Beach Tree Restaurant at the Four Seasons Resort in Hawaii: While the Four Seasons is an international brand known for its dedication to highly personalized service, this restaurant’s staff embodied the brand. It felt like a little piece of heaven: sitting on the beach, watching the sunset, listening to live Hawaiian music, dining on exquisite foods – all while being totally pampered. The staff captured the hearts of their customers – it was an unforgettable experience.

Tom’s Shoes: The descriptions of easy-going, comfortable, and inexpensive are not what differentiate Tom’s Shoes from other shoe companies. It’s the unique and compelling story behind the “one-to-one” movement that the company started. With each pair of shoes you purchase, the company gives a pair to a child in need. This puts a whole new meaning to caring.

Tennis Pro Mark Schneider: This coach is one of my favorite personal brands. You’ll find him on the courts of the luxurious Boulders Resort in Carefree, Arizona. What makes Mark stand out is Mark. Any tennis pro can teach tennis skills, but Mark teaches confidence. He’s a tennis coach and a confidence coach – and uses his engaging personality to draw the student in so he or she wants to perform better. His motto drives his passion: “Confidence leads to fun, fun leads to passion, and passion leads to fulfillment and success.”

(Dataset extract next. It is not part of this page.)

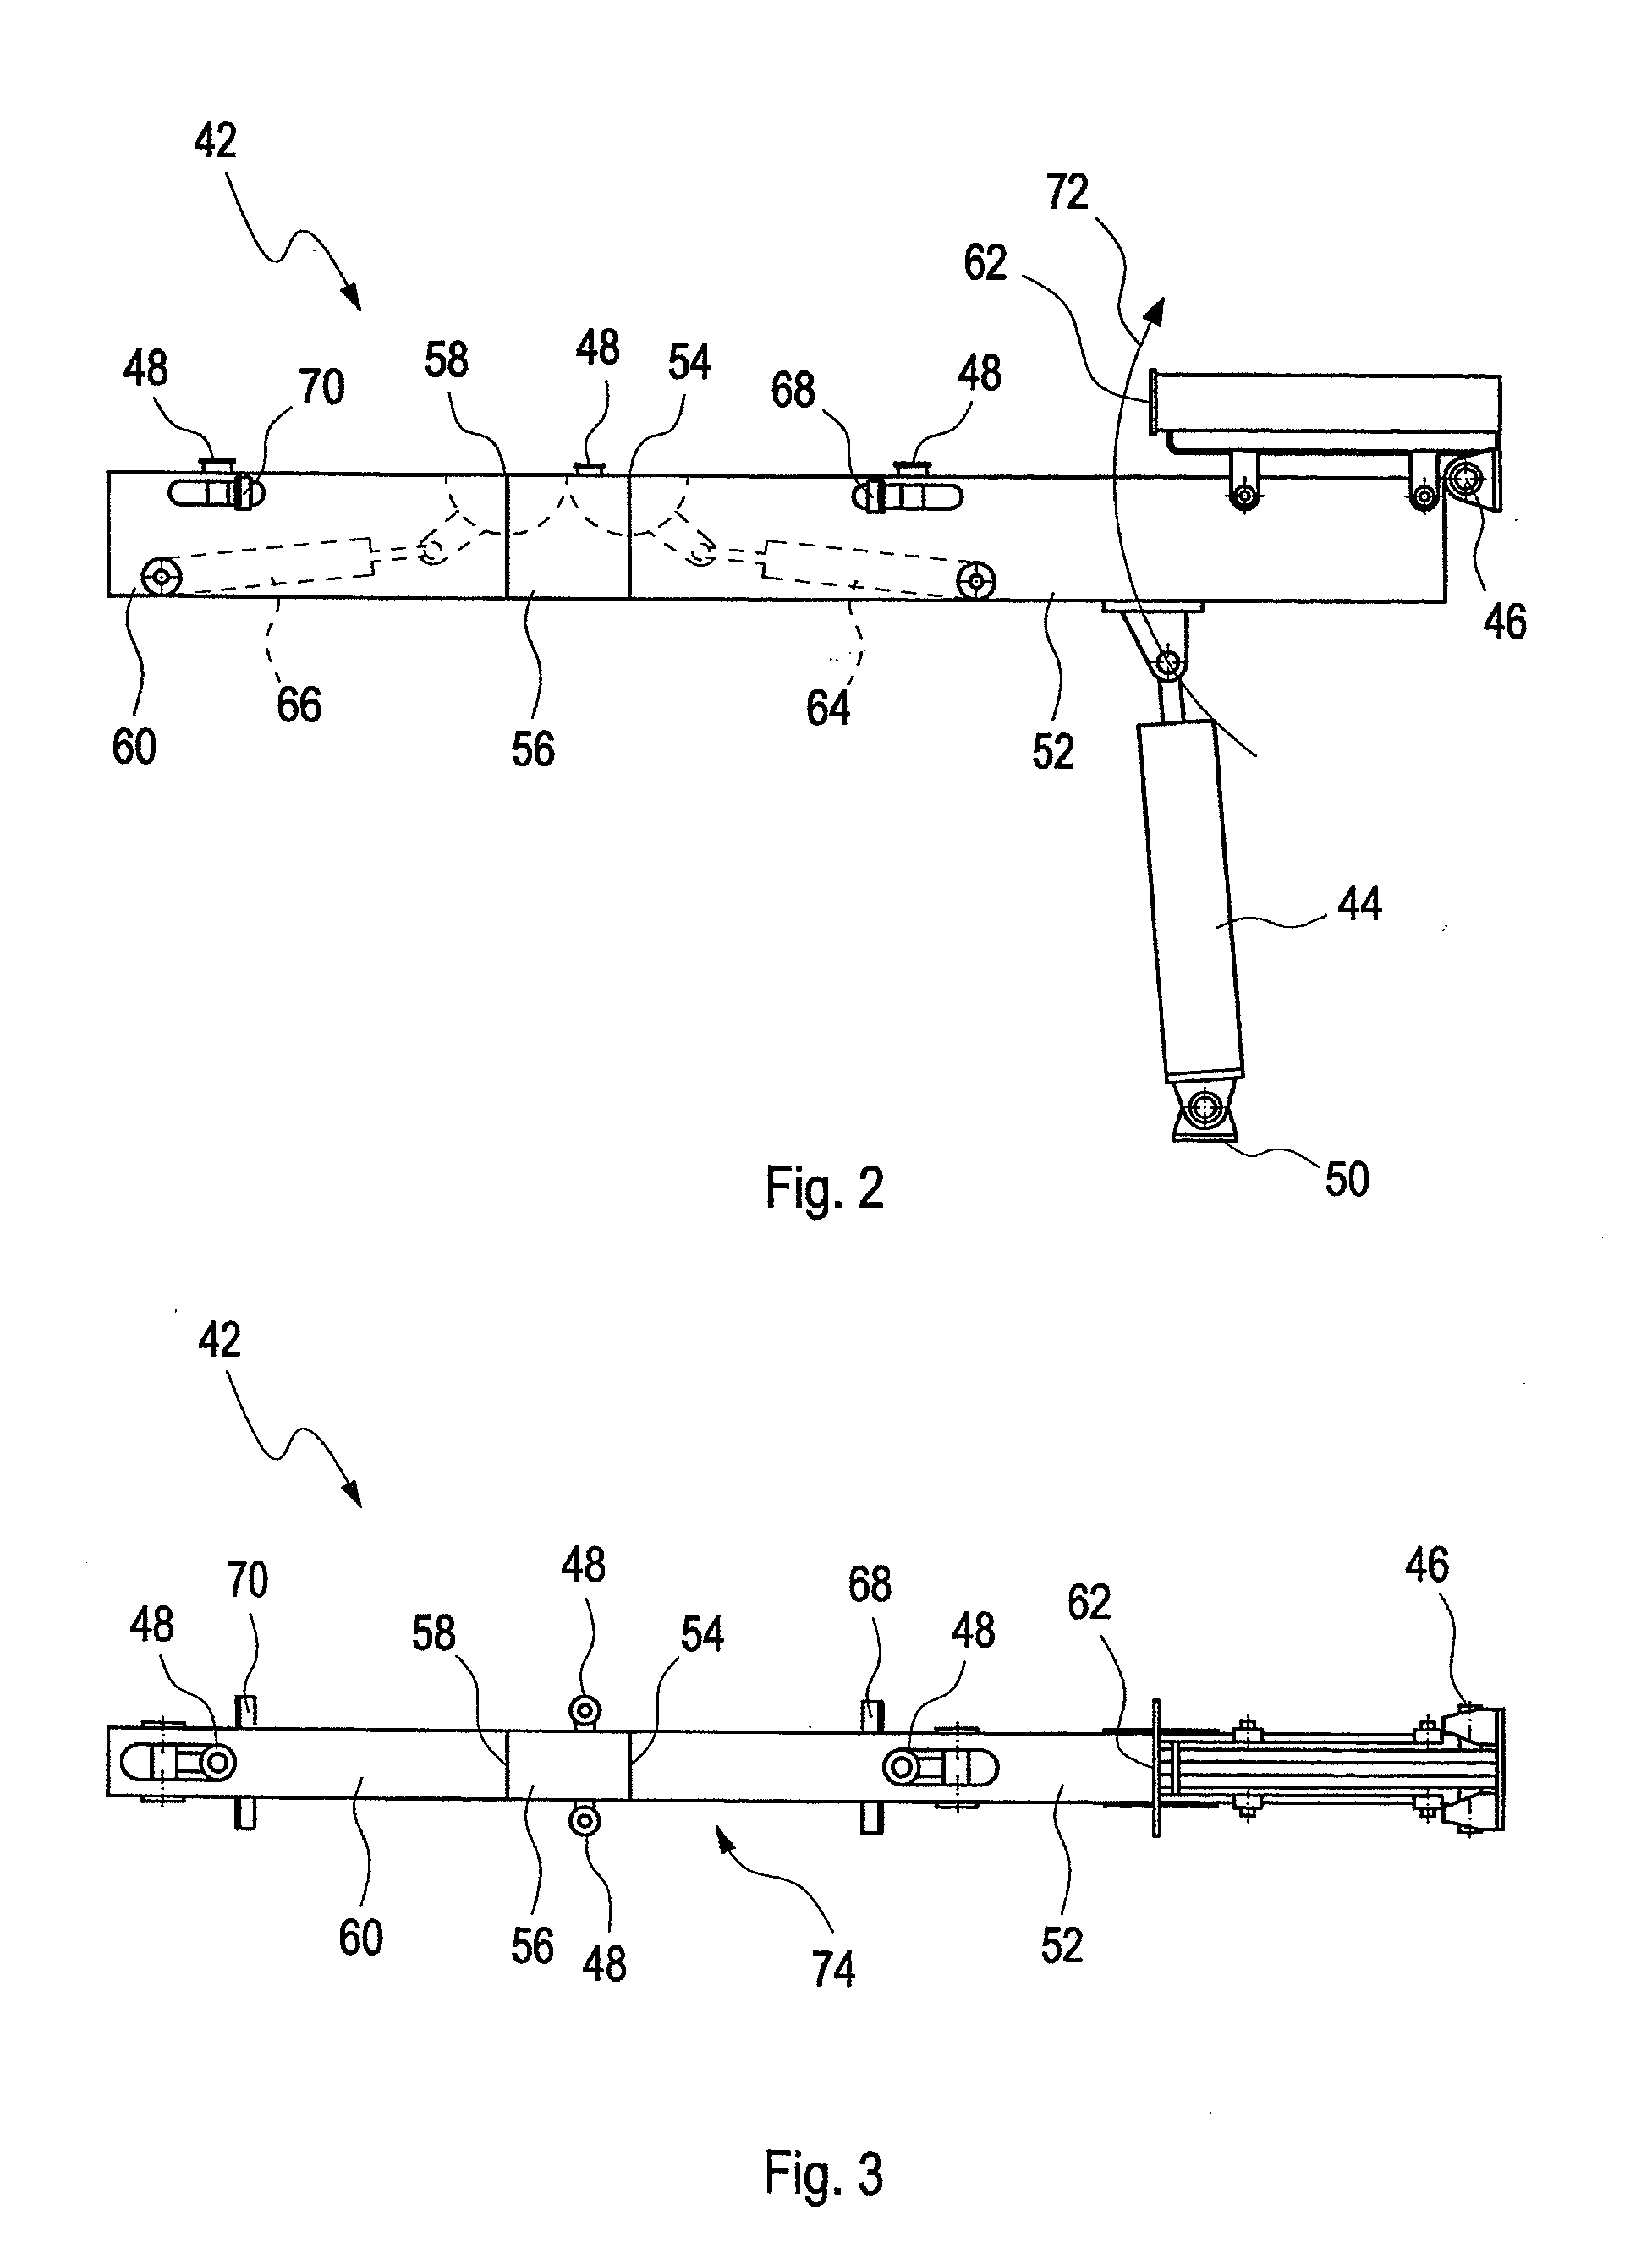 Apparatus for packaging flat articles
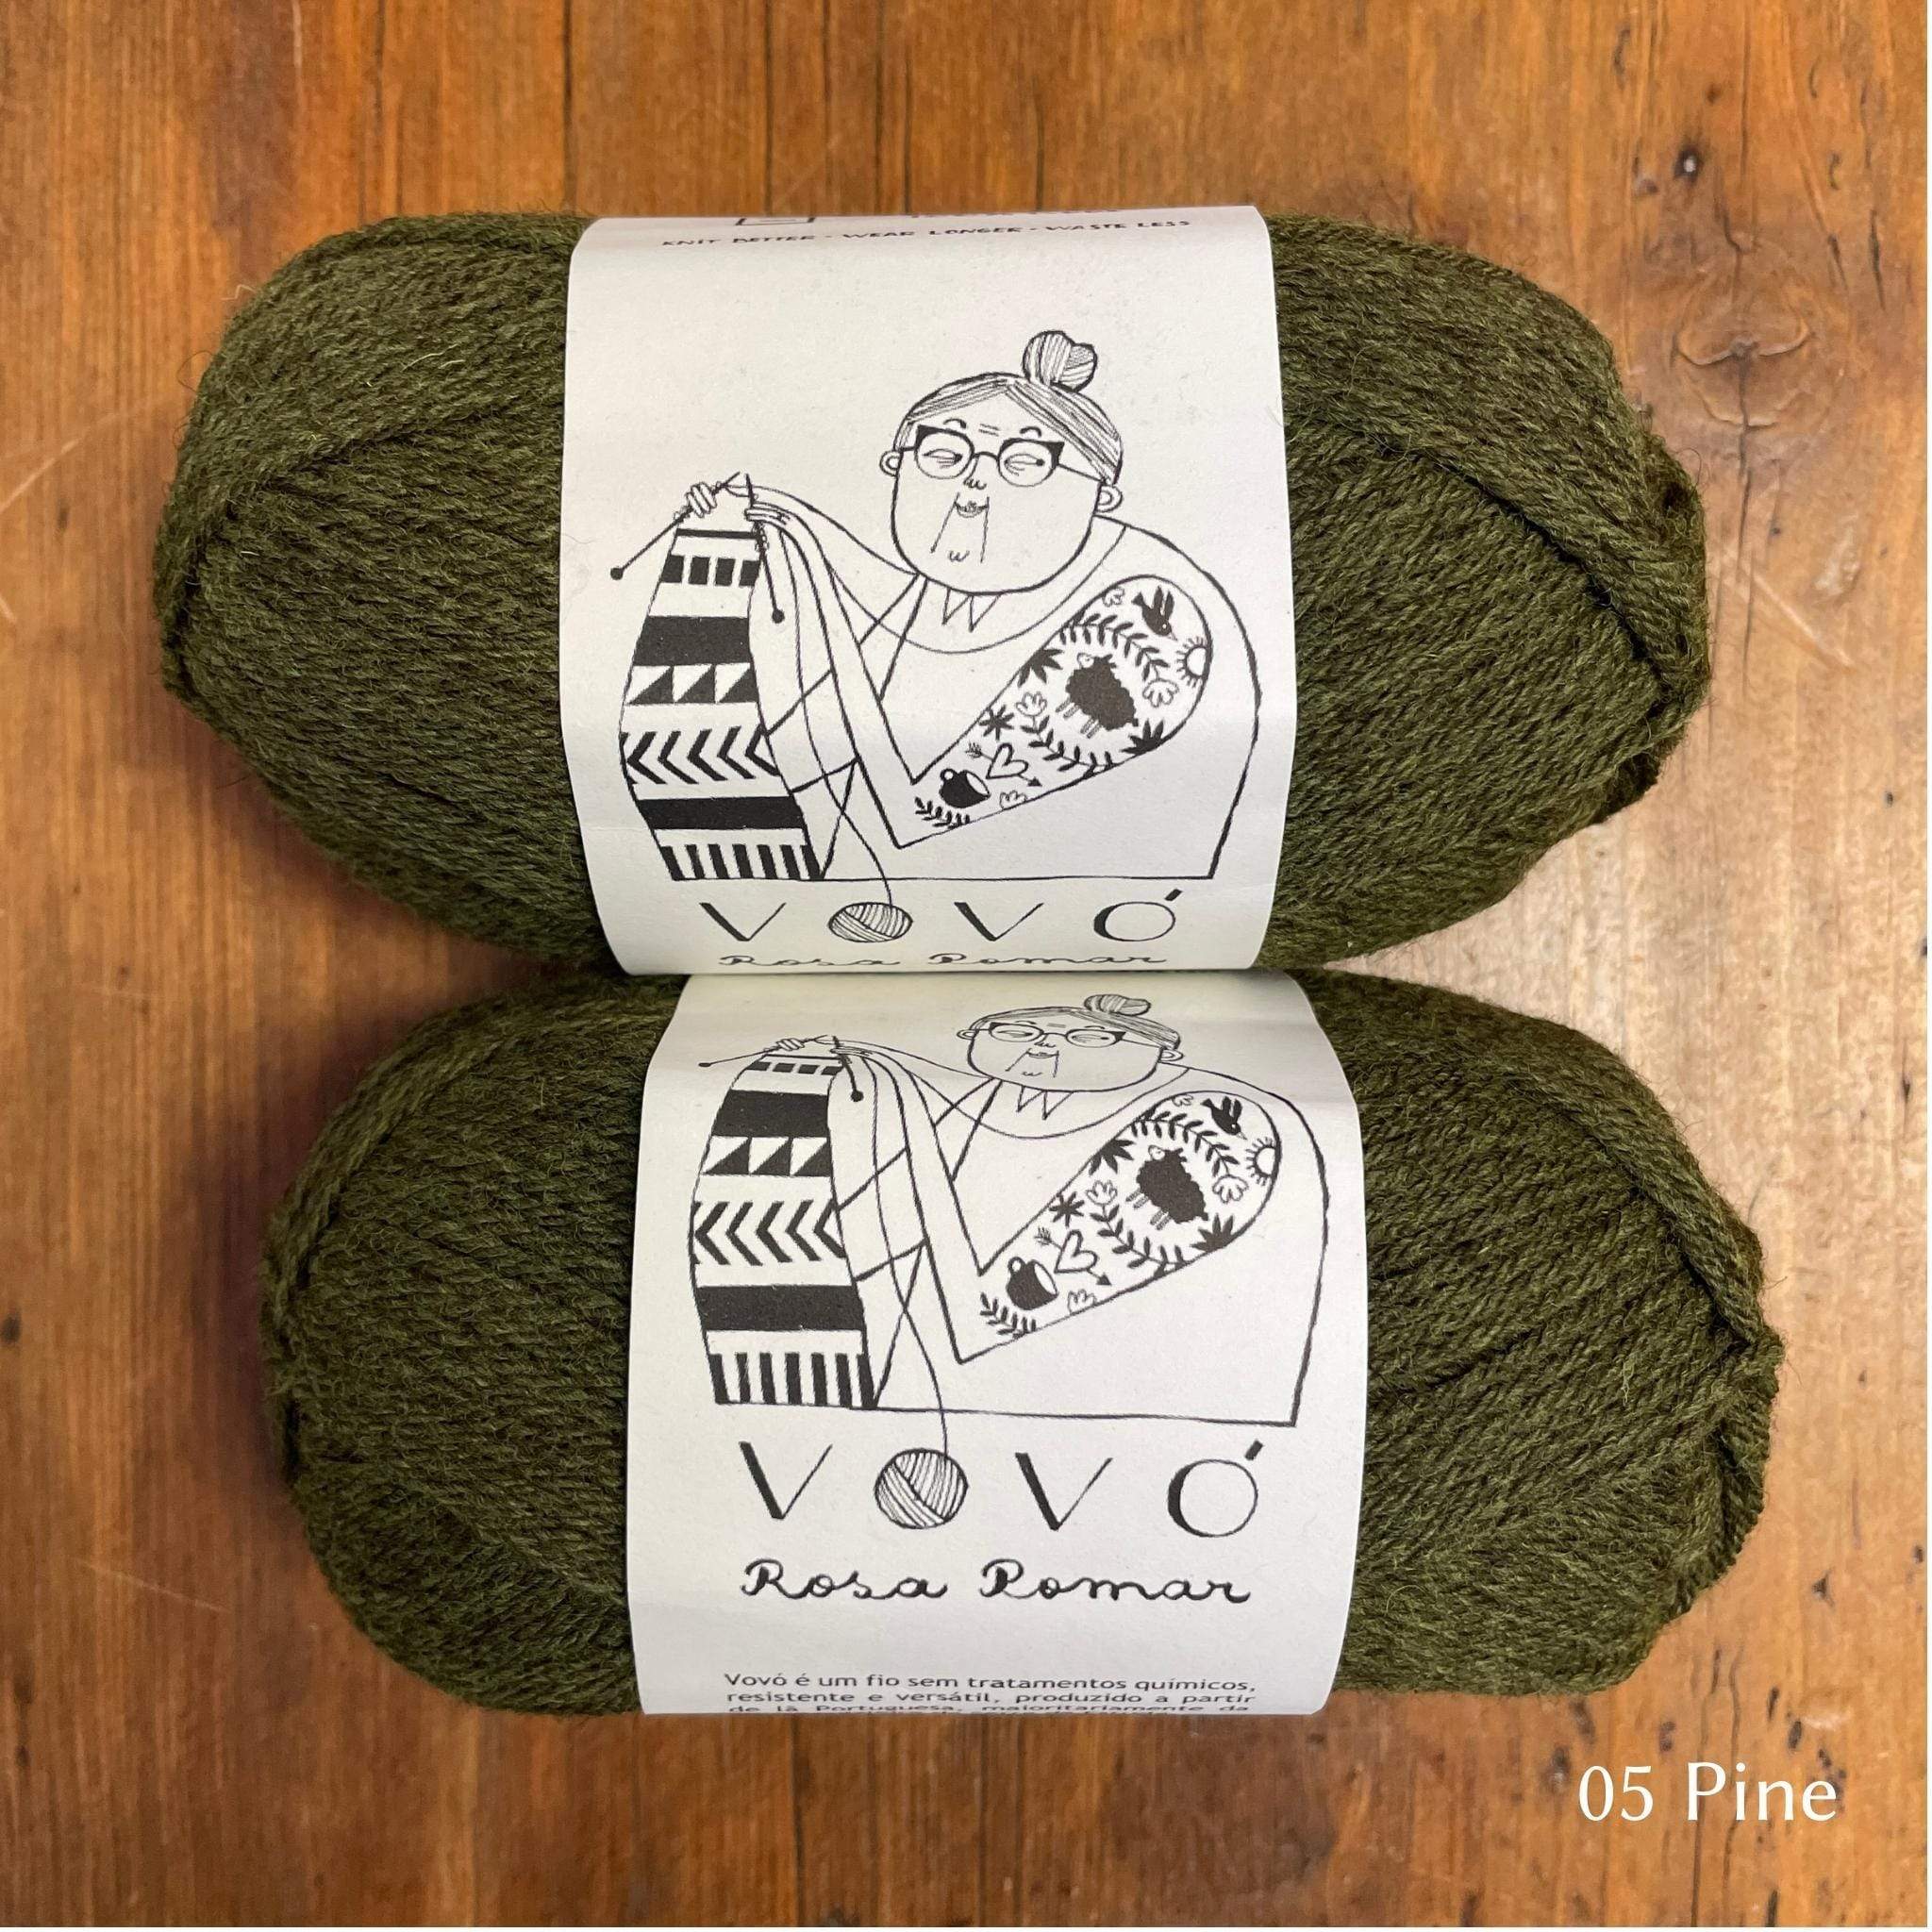 Retrosaria Vovo variant color 05 Pine, green with brown/gray undertone, showing label with grandmother knitting

With all these positive comments, we would be remiss not to include a few brands that are on the decline. Tune in on May 10 for Part 2 to see what brands have fallen flat for us. In the interim, what are your favorite brands and why?

1 comment:

  1. Hi Debbie. Love your post and always eager to engage with other brand authorities on this all-important, but often misunderstood concept. As a business instructor, course designer and brand strategist for a small stable of small companies I preach and attempt to persuade the notion of being "on-brand" in everything you do - whether as a company or as an individual. Honest, authentic, real and true are words that quicjkly jump to mind in this dimension of "brand"

    But everyone has/is a brand. The challenge is to create the kind of brand equity that influences mindshare, heart share and ultimately the purchase decision. Thus, as you so effectively point out, the base of any strong brand is a value to customers that reminds them when they need something, brand A comes to mind.

    My take on it is this, and I teach this mantra as well as counsel clients upon it. Shameless plug, it also happens to be the inspiration for the name of my company, Triceratops Brand Logic. Brand management must follow three tenets: compete, contribute and communicate. I'll share more on a separate post, but wanted to touch base and make your aquaintance. Look forward to more of your posts.